- Born: Olusegun Abraham 24 December 1953 (age 72) Ikare-Akoko, Ondo State, Nigeria
- Education: Tyndale University College and Seminary; Institute of Directors;
- Occupations: Politician; businessman;
- Years active: 1999–present
- Political party: All Progressives Congress
- Spouse: Bunmi Abraham
- Website: segunabraham.com

= Segun Abraham =

Nigerian politician and businessman (Born 1953)

Olusegun Abraham (born ) is a Nigerian politician and businessman.

==Early life and education==
Olusegun was born and raised in Ikare-Akoko, Ondo State, where he had his early formal education. He holds a master's degree in Technology management. He has also undertaken professional courses in notable institutions including Tyndale University College and Seminary, Canada and the Institute of Directors, United Kingdom.

==Career==
In 1999, Segun Abraham delved into politics while managing his business ventures simultaneously. He was one of the pioneering members of the All Progressives Congress when it was still called Alliance for Democracy. Olusegun was also one of those who campaigned for former governor Adebayo Adefarati. He went on to be appointed the chairman of Owena Hotels by Adebayo Farati until the hotel was bought by Oodua Investment.

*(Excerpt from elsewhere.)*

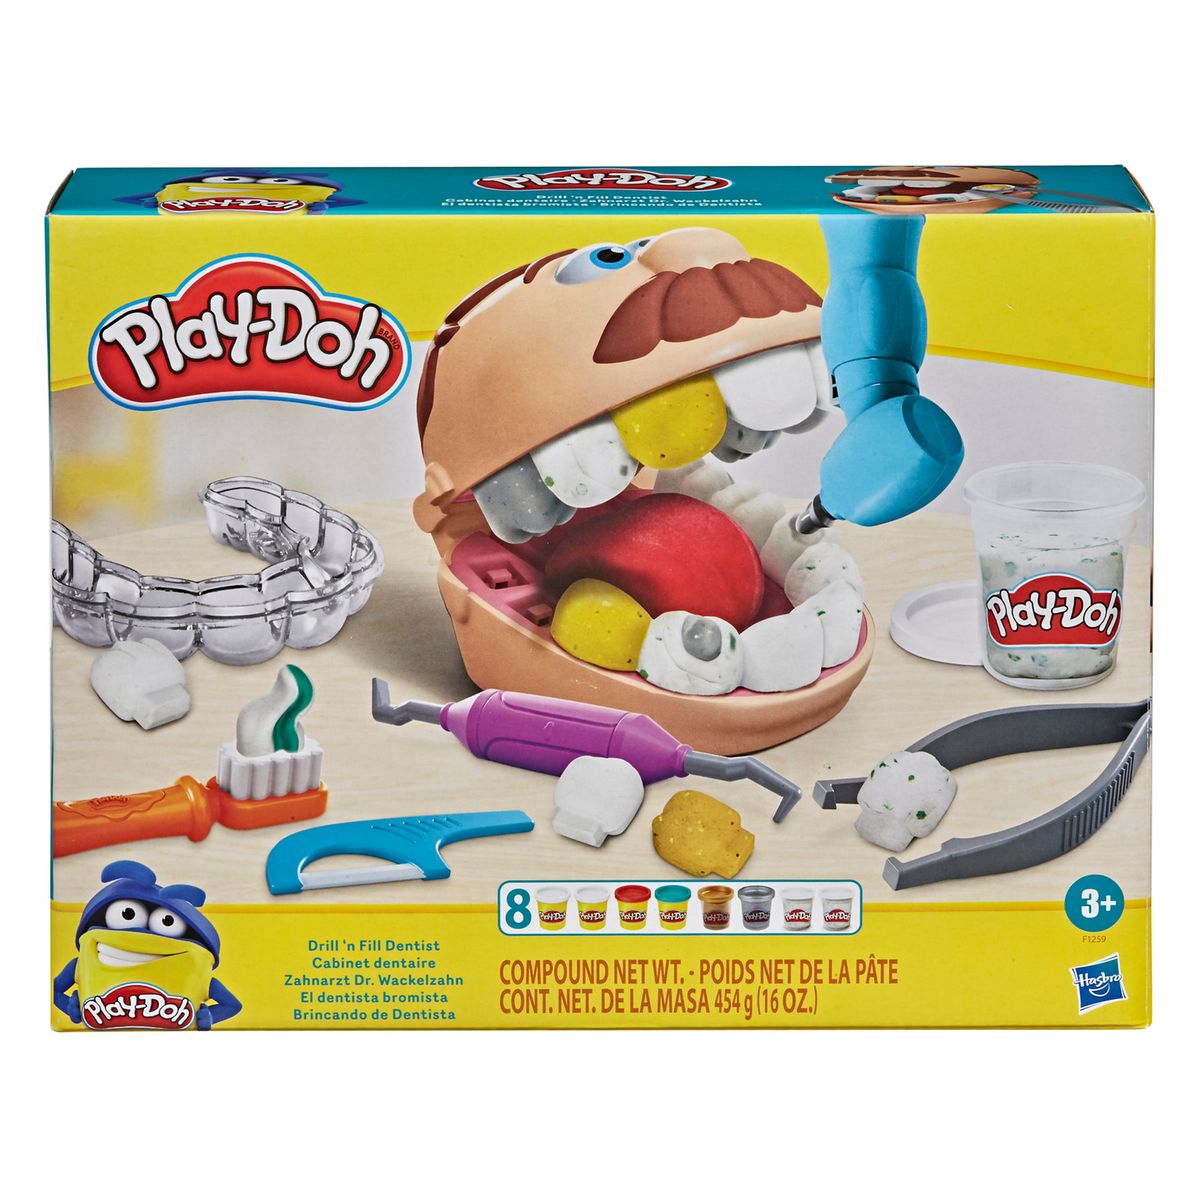 Play-doh cabinet dentaire multicolore Hasbro

In 2012, he declared his intention to run for Governor of Ondo State under the platform of the Action Congress of Nigeria but he however came short of Rotimi Akeredolu who went on to represent the party as its aspirant.

He was one of the two aspirants under the platform of the All Progressives Congress who ran for the office of governor at the 2016 Ondo State gubernatorial election, but lost out to Oluwarotimi Akeredolu at the primaries.